LONGMONT, CO--(Marketwire - Feb 26, 2013) - DigitalGlobe, Inc. (
Fourth quarter 2012 revenue was $125.4 million, a 28% increase compared with the same period last year. Net income for the fourth quarter was $17.1 million, or $0.36 per diluted share, compared with a net loss of $27.0 million or $(0.58) per diluted share in fourth quarter 2011. Fourth quarter 2012 EBITDA was $57.6 million, driving an EBITDA margin of 45.9%. Fourth quarter 2012 EBITDA margin expanded year-over-year despite incurring $10.2 million in one-time expenses related to the combination with GeoEye, which negatively impacted fourth quarter 2012 EBITDA margin by approximately 810 basis points.
Full year 2012 revenue was $421.4 million, a 24% increase compared with 2011. The company reported net income of $39.0 million, or $0.84 per share, compared with a net loss of $28.1 million, or $(0.61) per share in 2011. Note that reported fourth quarter and full-year 2012 results reflect fully diluted share counts of 47.0 million and 46.4 million, respectively. Full-year EBITDA was $189.6 million, yielding an EBITDA margin of 45.0% compared with a full-year 2011 EBITDA margin of 27.3%, or 42.6% not including the impact of a $51.8 million pre-tax loss related to the early extinguishment of debt. Full-year 2012 EBITDA margin expanded year over year in spite of incurring $19.9 million in one-time expenses related to the combination with GeoEye, which negatively impacted full-year 2012 EBITDA margin by approximately 470 basis points.
The company closed its combination with GeoEye on Jan. 31, 2013. According to the terms of the transaction, GeoEye common stockholders received approximately 26.0 million shares of DigitalGlobe common stock and cash consideration of approximately $93.8 million. DigitalGlobe common shares outstanding as of February 21, 2013 total approximately 73.7 million.
"This was an extraordinary year and quarter for DigitalGlobe," said Jeffrey R. Tarr, President and Chief Executive Officer. "We drove strong, profitable double-digit revenue growth across all customer categories, generated positive free cash flow, and grew our next 12-month revenue backlog by 37 percent. We also entered into a transformational agreement to combine with GeoEye. As a result of this combination, we are a more diversified, less capital intensive geospatial information business with a more complete set of capabilities to serve customers and fuel our growth."

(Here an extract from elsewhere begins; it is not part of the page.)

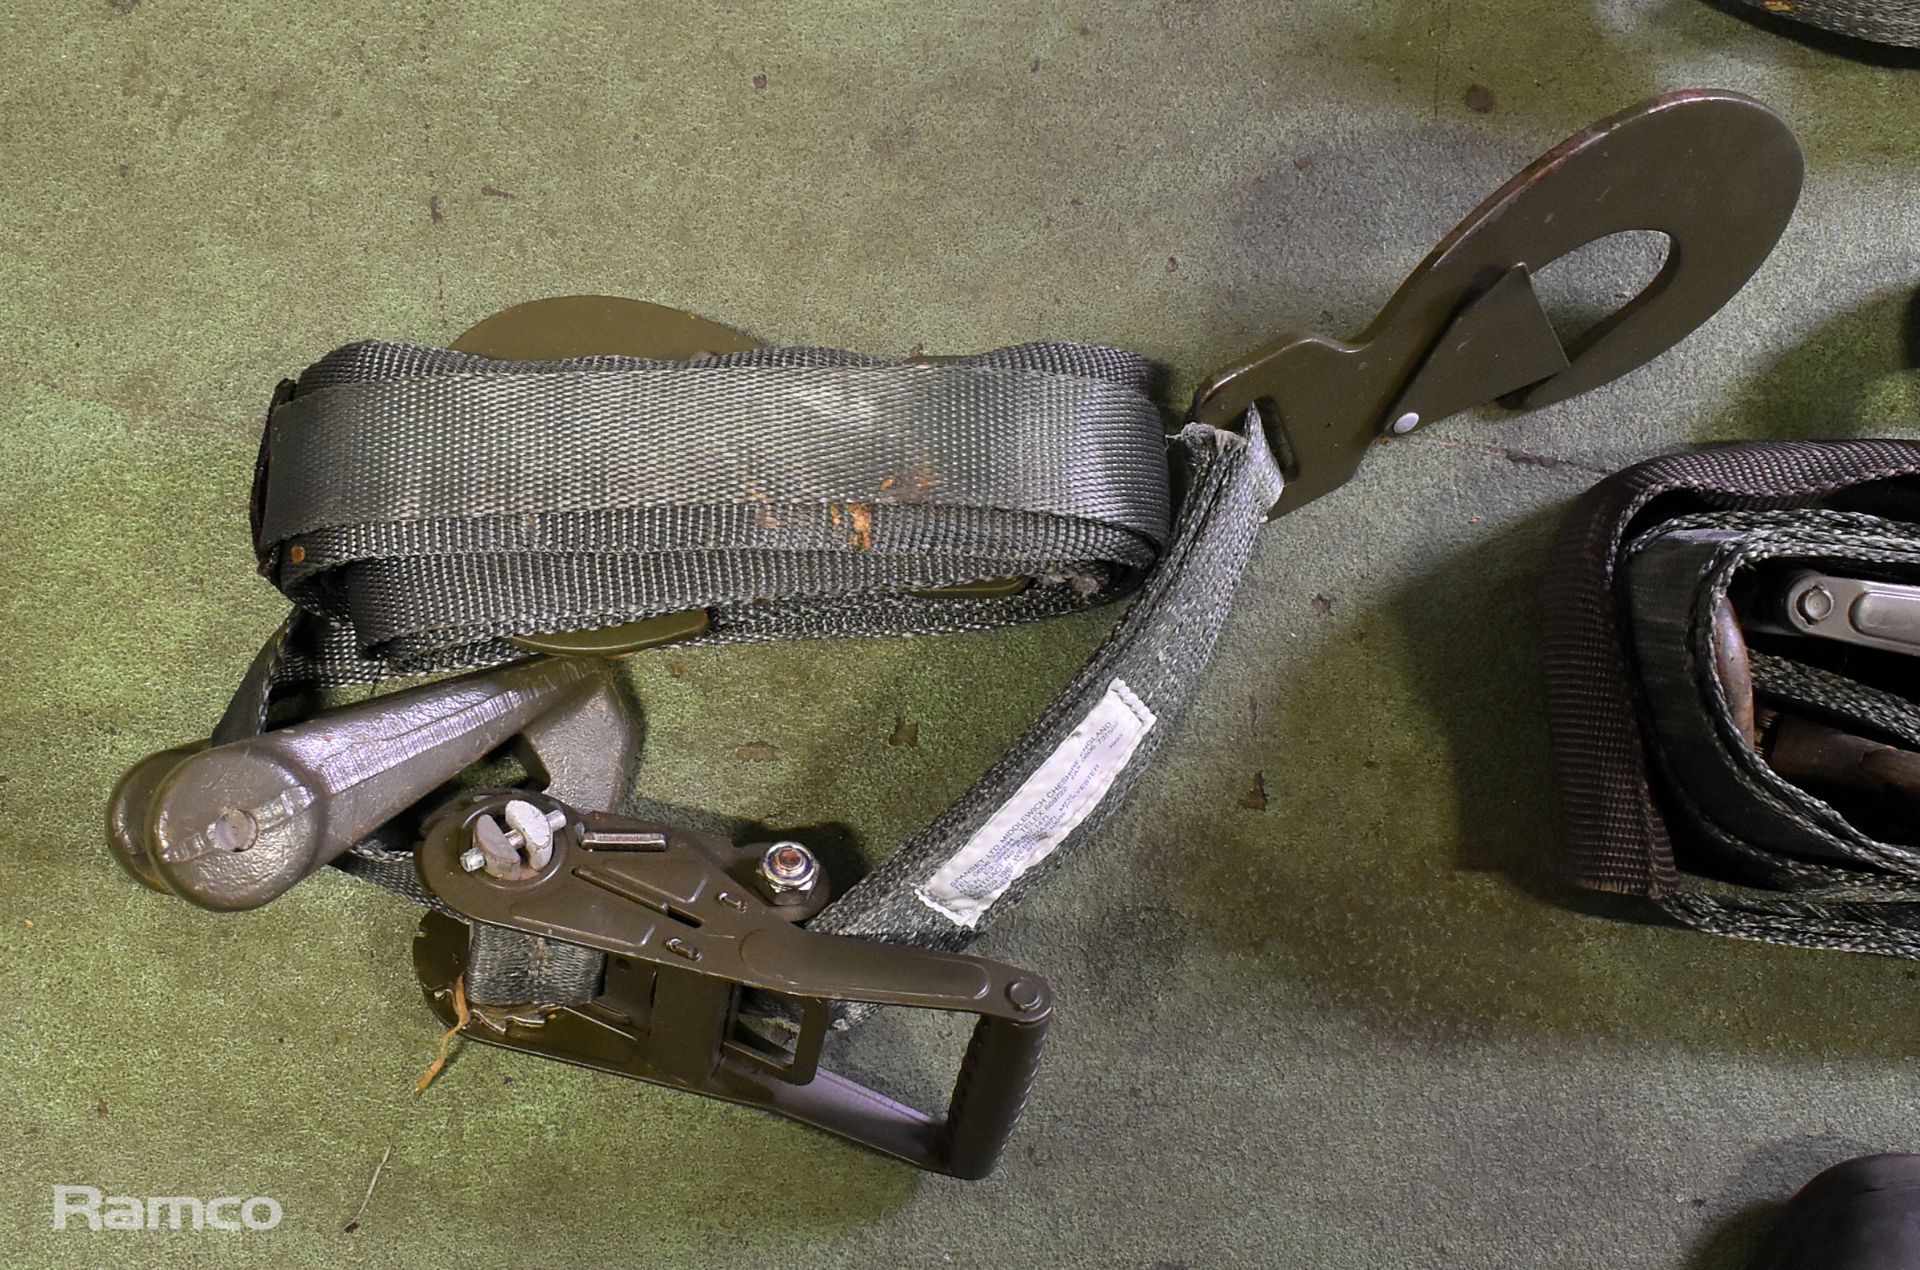 4x Heavy duty spanset ratchet straps - Image 2 of 5

Recent Business Highlights
- Fourth quarter 2012 Defense & Intelligence segment revenue grew 29% to $90.3 million compared with fourth quarter 2011. Performance was driven by increased revenue related to the service level agreement (SLA) portion of the EnhancedView contract with the National Geospatial-Intelligence Agency (NGA), and growth in value-added services of 64% to $12.3 million.
- Commercial segment revenue grew 27% to $35.1 million in the quarter compared with fourth quarter 2011. Growth continues to be strong among International Civil Governments, providers of Location-based Services and Other Industry Verticals.
- The company continued to expand its footprint among International Civil Government customers, growing revenue from this customer group at double-digit rates driven primarily by new, renewed and upsized agreements with key customers in emerging growth markets.
- Effective January 1, 2013, the company signed an existing Location-Based Services customer to a new, larger, multi-year agreement through delivery of its Global Basemap product that takes advantage of the company's ImageLibrary, which contains more than 2.8 billion square kilometers, equivalent to 24 times the earth's landmass.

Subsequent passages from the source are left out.